In some cases X, seems excessive. In this one: #2973445: Request for 'confirmed' user role for Mirelyj, the user says the message is: "Please wait 2592000 seconds and try again" (2592000 seconds is about one month), and in this one the user says: "X could be a year in seconds". This is so excessive that I consider it a bug.

Also, the phrase, "There was a problem with your form submission." is too vague and not helpful in making the user understand the problem.

In addition, there has been several instances where non-spam postings by unconfirmed users has been automatically unpublished. For reports about this, see, for instance #2993233: Disappeared issue and #2991811: Request for 'confirmed' user role.

Since these are posting that are clearly not spam (they don't even contain links), it seems that our spam-detection algorithm is producing too many false positives..

Proposed resolution

  • Put a cap on the waiting period that unconfirmed users must suffer (IMHO, 600 seconds - 10 minutes - should be sufficient).
  • Replace the phrase "There was a problem with your form submission" with something that explains what the problem is. My suggestion: "As an unconfirmed user on Drupal.org, you are not allowed to post too frequently".
  • Improve the algorithm that unpublishes assumed "spam" to reduce false positives.

Remaining tasks

Do it.

User interface changes

To be decided.

API changes

None (I think).

Data model changes

To be decided.

Comments

gisle created an issue. See original summary.

gisle’s picture

Issue summary: View changes
gisle’s picture

Issue summary: View changes
drumm’s picture

Put a cap on the waiting period that unconfirmed users must suffer (IMHO, 600 seconds - 10 minutes - should be sufficient).
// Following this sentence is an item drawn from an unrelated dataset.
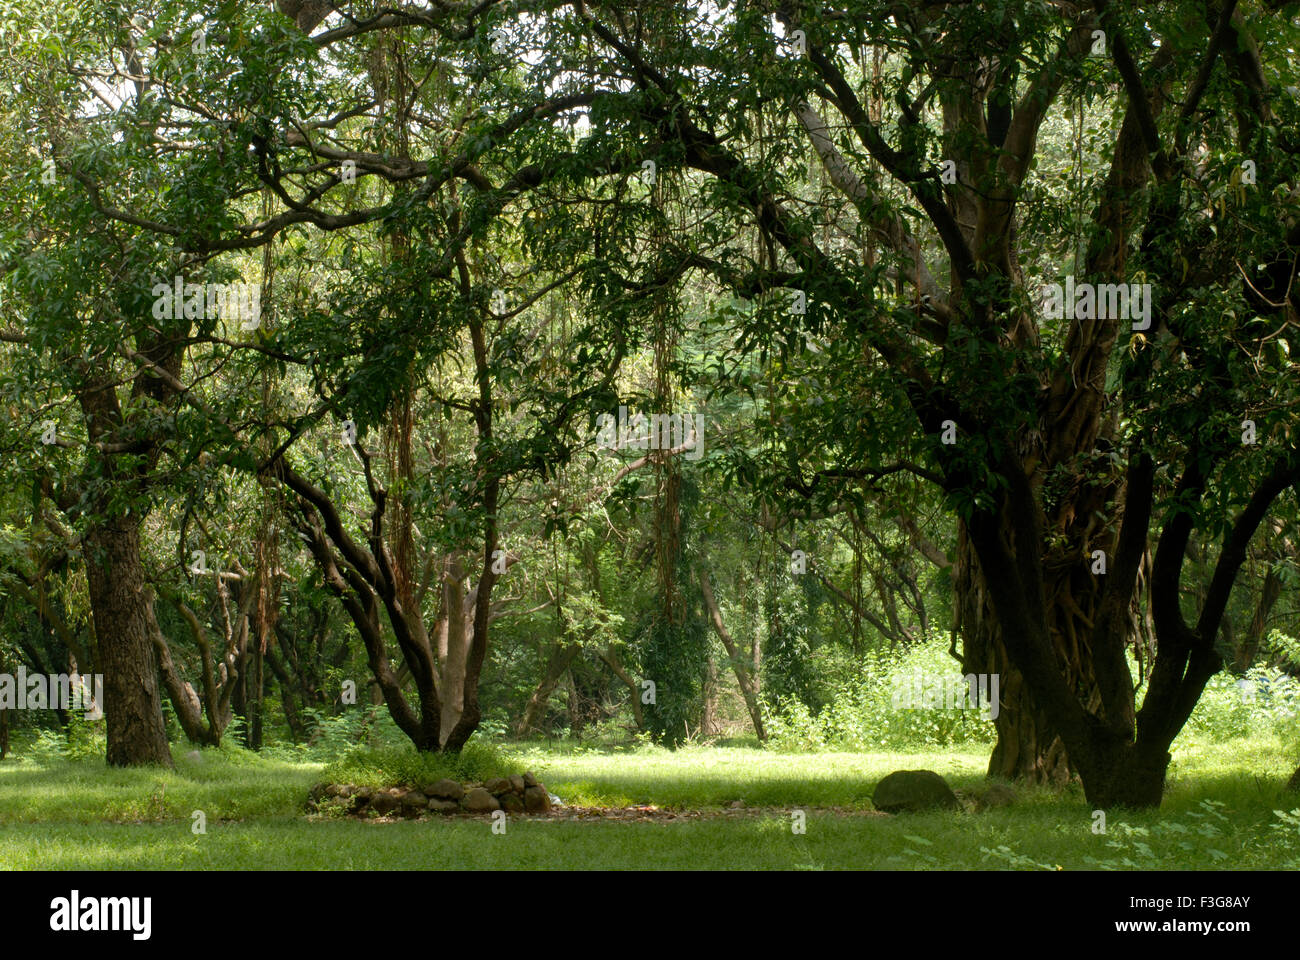 lush green grass at Sanjay Gandhi

There actually already is an effective cap, but the UI doesn’t show it. I opened #2993892: Do not report more waiting time than the expire time to help with this, but drupalorg_honeypot’s additional time will need a fix too.
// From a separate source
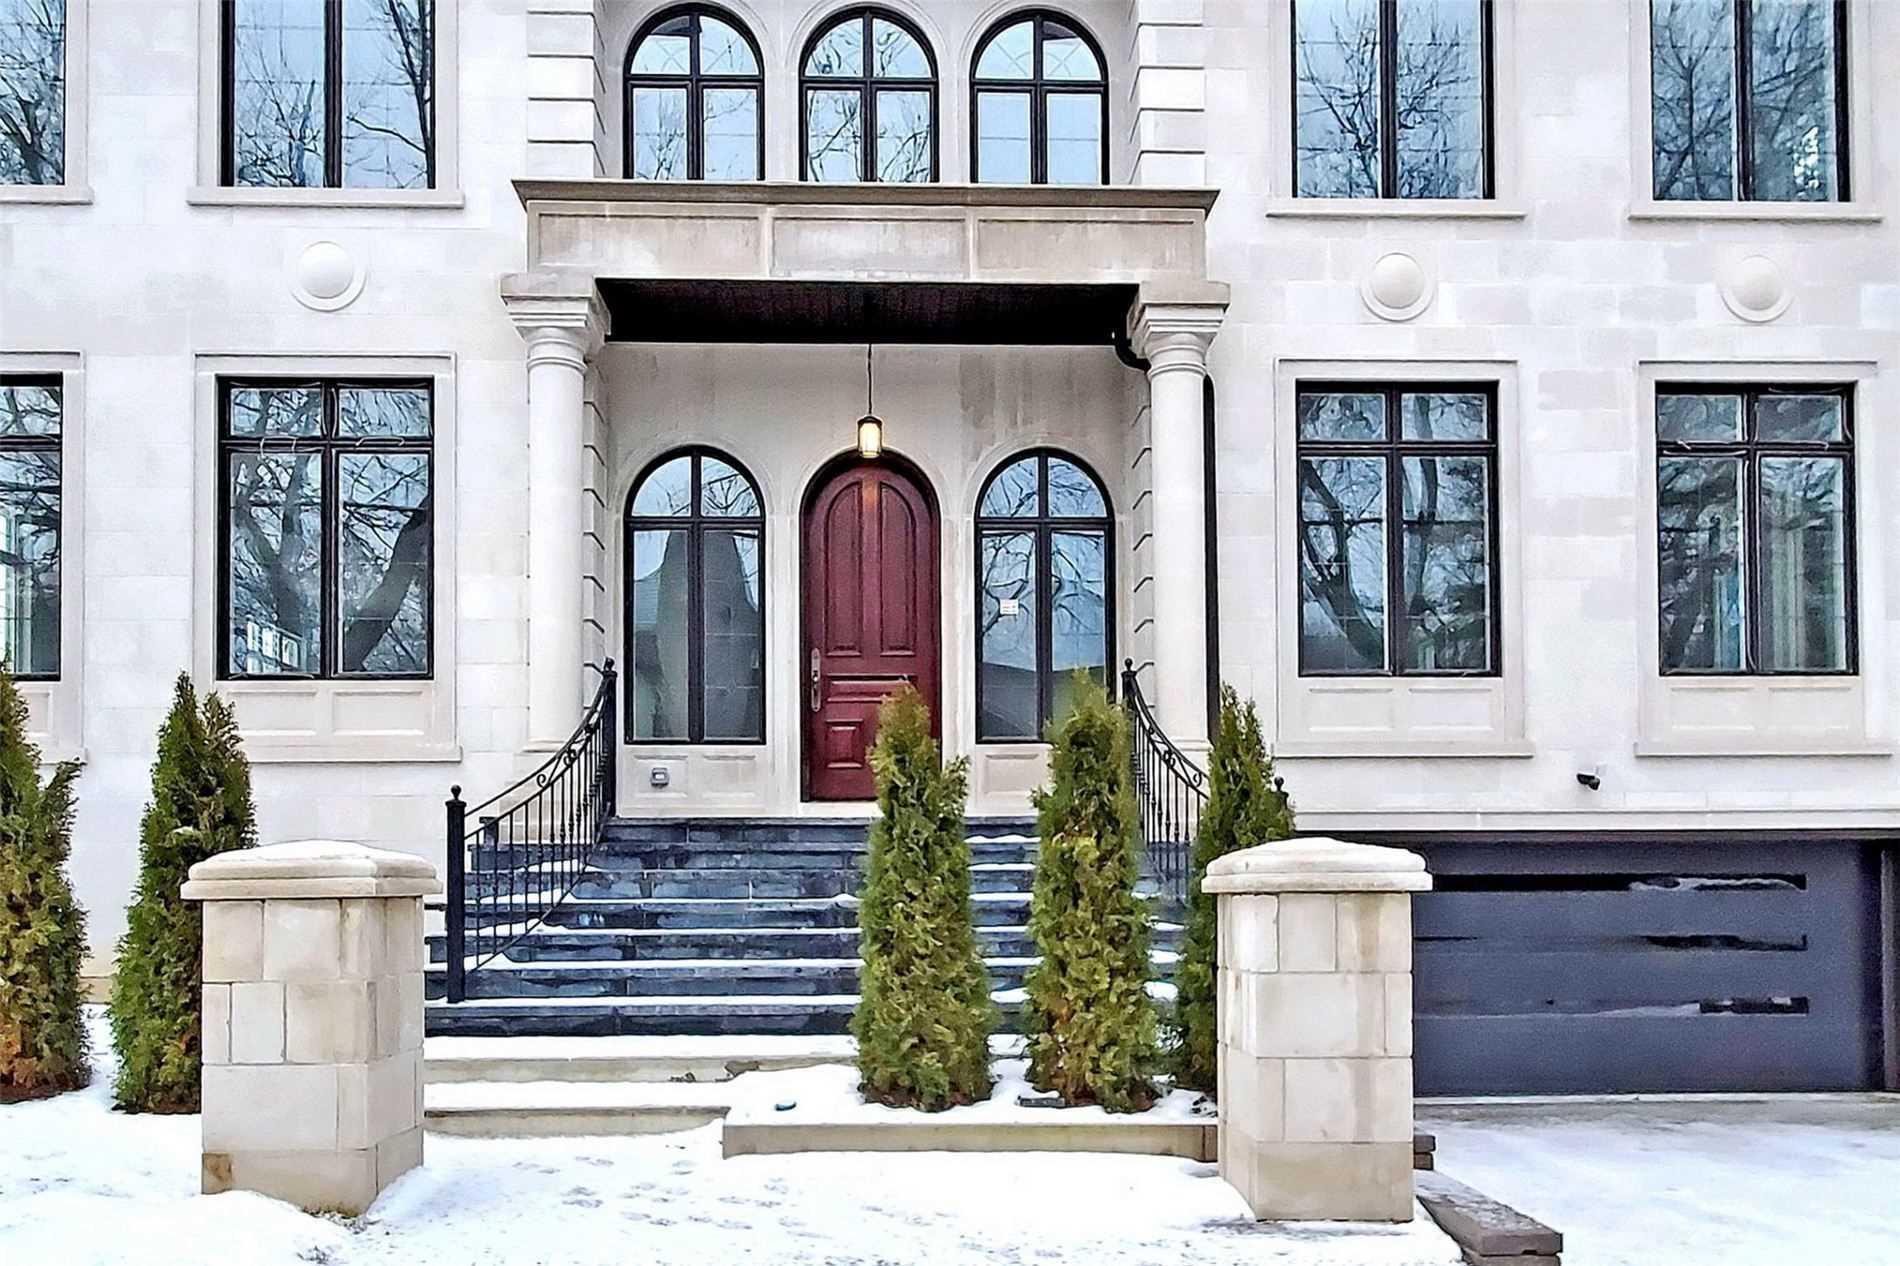 107 Hillcrest Ave, Toronto, Ontario M2N3N8, 6 Bedrooms Bedrooms, 10 Rooms Rooms,8 BathroomsBathrooms,Detached,For Sale,Hillcrest,C5161073

  • drumm committed 4a27af0 on 7.x-3.x, dev
    Issue #2993619: Clean up anti-spam messaging
    
  • drumm committed e3f0f68 on 7.x-3.x, dev
    Issue #2993619: Don’t add more time than the honeypot expiration window
    
drumm’s picture

Put a cap on the waiting period that unconfirmed users must suffer (IMHO, 600 seconds - 10 minutes - should be sufficient).
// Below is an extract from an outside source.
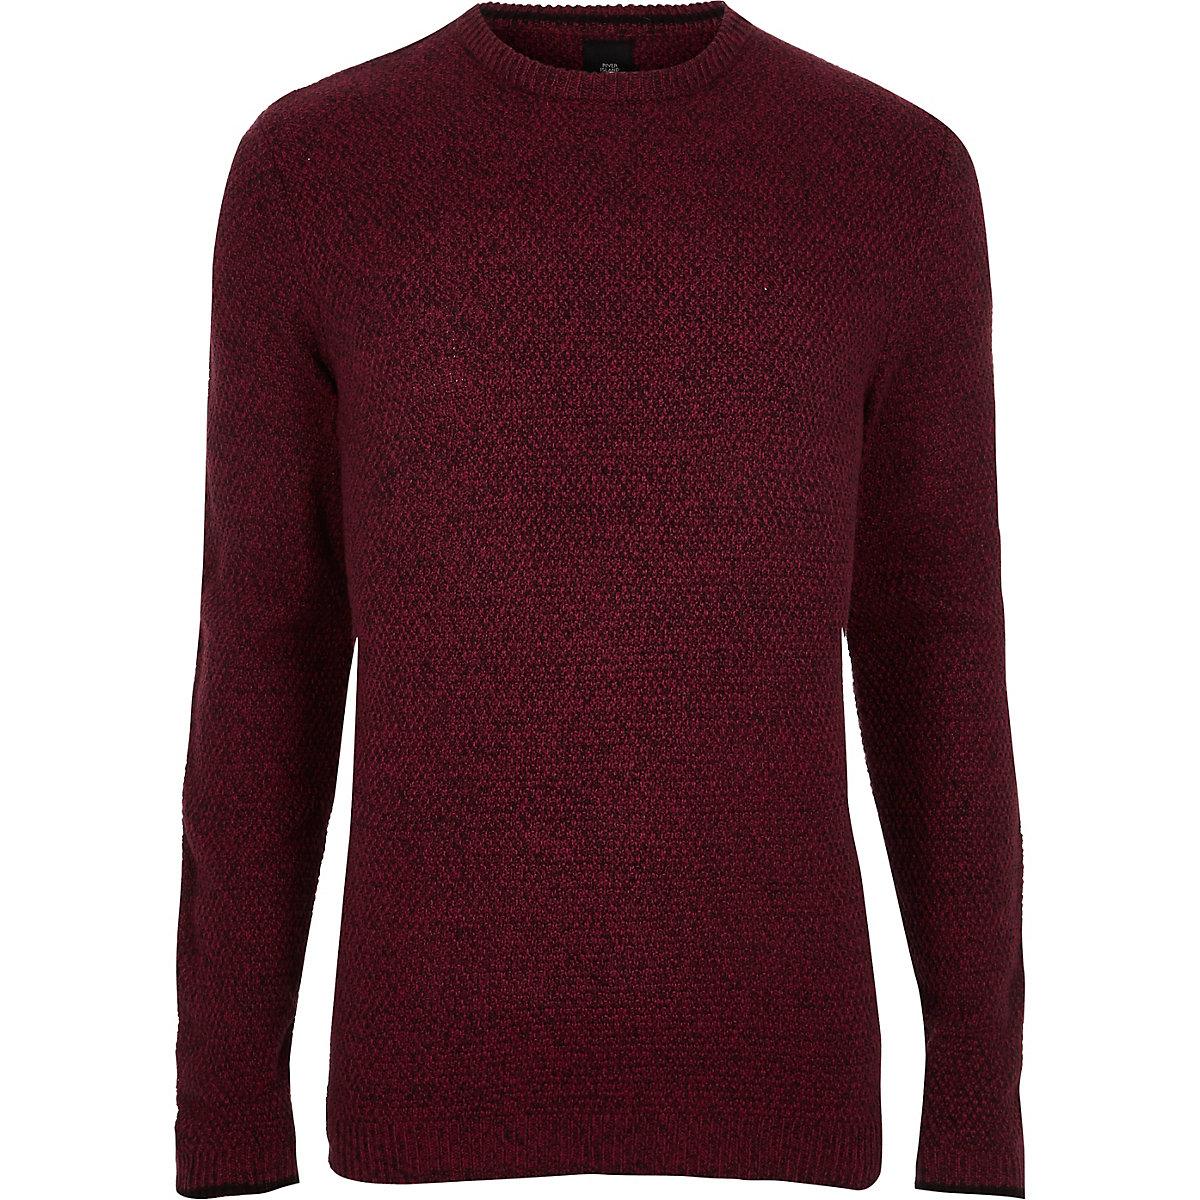 Red textured knit slim fit crew neck jumper

Our custom code that adds extra penalties for spammy characters and phrases was also effectively capped by the honeypot expiration configuration. This is now correctly reported to the user too.

I’ve also reduced the drupalorg_honeypot_factor multiplier to ramp up time limits more slowly. If we see spam coming in more-quickly, we may need to adjust this back up.

Replace the phrase "There was a problem with your form submission" with something that explains what the problem is. My suggestion: "As an unconfirmed user on Drupal.org, you are not allowed to post too frequently".

This message comes from the honeypot module and would be cumbersome to override. We do have our own message in addition to honeypot’s, which I’ve updated to be more accurate 4a27af0. (We do not currently have anything which automatically grants the confirmed role.) I also found that it might not be displayed alongside Honeypot’s messaging, which is now fixed.

drumm’s picture

Status: Active » Fixed

Improve the algorithm that unpublishes assumed "spam" to reduce false positives.

That algorithm is actually Akismet, which is now fulfilling the role Mollom had. Unlike Mollom, Akismet does not have an “unsure” classification or other way to adjust the sensitivity. All we can really do is make the trade-off of either treating their “spam” classification as spam, or not. We did have this misconfigured on some forms for some time, and saw plenty of spam. (They also have a “pervasive spam” classification https://blog.akismet.com/2014/04/23/theres-a-ninja-in-your-akismet/ which we always had enabled while the service was active.)

gisle’s picture

That algorithm is actually Akismet

Hmmm ...

Here is an example of a comment that Akismet classified as "spam":

https://www.drupal.org/project/drupal/issues/2967585#comment-12730792

While I understand that we need tools like this to protect ourselves against spam, perhaps the onboarding process should warn new users that call traces are not welcome here?

gisle’s picture

gisle’s picture

hestenet’s picture

Thanks for following up on these examples @gisle.

Our republish process should be reporting false positives back to Akismet's algorithm the same way that our mark as spam option reports those patterns to their algorithm.

We may want to contact them directly about some examples to see what they can tune - unfortunately we don't get many tuning options with this service.

Unfortunately this is all a balance between how much spam is blocked, how much gets through, and how many false positives result in real users being blocked. There'll always be a few - but we should make sure they know they can always email support for manual review.

gisle’s picture

gisle’s picture

gisle’s picture

Status: Fixed » Closed (fixed)

Automatically closed - issue fixed for 2 weeks with no activity.